Diplomatic mission of the Republic of Georgia to the United States

The Embassy of Georgia in Washington, D.C., is the diplomatic mission of the Republic of Georgia to the United States. It is located at 1824 R Street, Northwest, Washington, D.C. The embassy was founded in 1993 after the establishment of diplomatic relations between Georgia and the United States.

The current ambassador of Georgia to the United States is Tamar Taliashvili, appointed in 2025.

The embassy serves as a Consulate of Georgia in Washington, D.C., and serves the citizens of Georgia residing in the following US states: District of Columbia, Virginia, Maryland, North Carolina, South Carolina, Georgia and Florida.

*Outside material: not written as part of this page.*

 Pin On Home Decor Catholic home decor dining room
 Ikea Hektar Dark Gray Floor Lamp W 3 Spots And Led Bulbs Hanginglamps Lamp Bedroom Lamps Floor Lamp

Georgia has consulates-general located in New York City and in San Francisco.

==Bilateral Relations==
Since 1993, Georgia and United States have been engaged in diplomatic relations encompassing multiple sectors. In 2009, Georgia and United States advanced bilateral relations to a new level by signing a Strategic Partnership Agreement which deepens cooperation between the two states in multiple fields. The first meeting of the Strategic Partnership Commission, held on June 22, 2009, launched four bilateral working groups on priority areas identified in the Charter: democracy, defense and security, economic, trade and energy issues, and people-to-people and cultural exchanges. Senior-level Georgian and American policy-makers lead yearly meetings of each working group to review commitments, update activities, and establish future objectives. Annual plenary sessions of the commission are co-chaired by Prime-Minister of Georgia and the United States Secretary of State.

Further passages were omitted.